The "teenage doctors" on a few TV shows are interesting fantasy but just that. Even if someone could cram their education through medical school in by the age of 18 (basically ASB - just too much stuff), and they had natural physical skills like some ballplayers, they now have to embark on the actually training to become a surgeon. You start small, assisting (often second assisting) at operations, caring for pre and postop patients, and in the clinic and gradually assume more and more responsibility for operations with a senior surgeon there with you. Ask yourself if you want an 18 year old who has just completed his private pilot training to take the controls, without a co-pilot, of a large passenger jet on which you and your family are passengers. Sure he has great reflexes and eagle eye vision but...

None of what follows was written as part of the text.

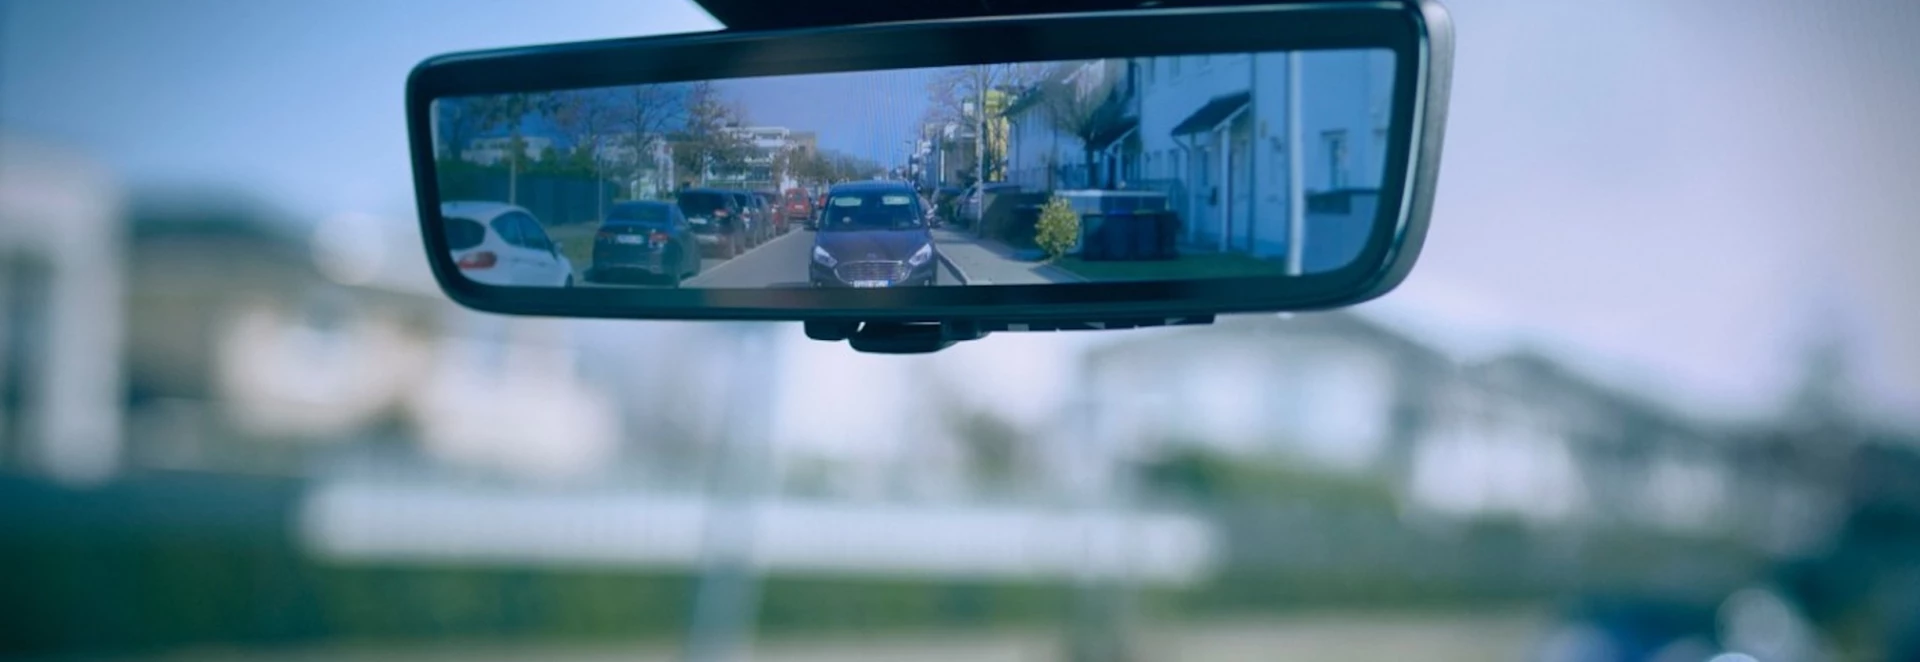 Ford introduces new ‘Smart Mirror’ for Transit models

When everything is going well, its nice but in the middle of the night when everything with the patient is turning to crap, that is when you need all your skill, experience, and maturity - been there, done that more often than you can realize.
 
I see where this is going...but how the shit would this actually work? Do we send high school kids to “surgery school” in the afternoons if they qualify? Do we have 14-year-olds doing practice surgery on pig carcasses or whatever the hell they do in med school these days? Do we have a mandatory retirement age for surgeons of, like, 42 or something? (I pick 42 because it’s when the Navy won’t recruit people anymore and the pro athlete older than 42 is a mighty rare sight, Tom Brady notwithstanding.) And what of retired surgeons? Or surgeons who don’t work out? Do we train them to be doctors? Do we fix the outrageous cost of medical school? Because that would be fucking Super.

Great idea but no idea how it would come together.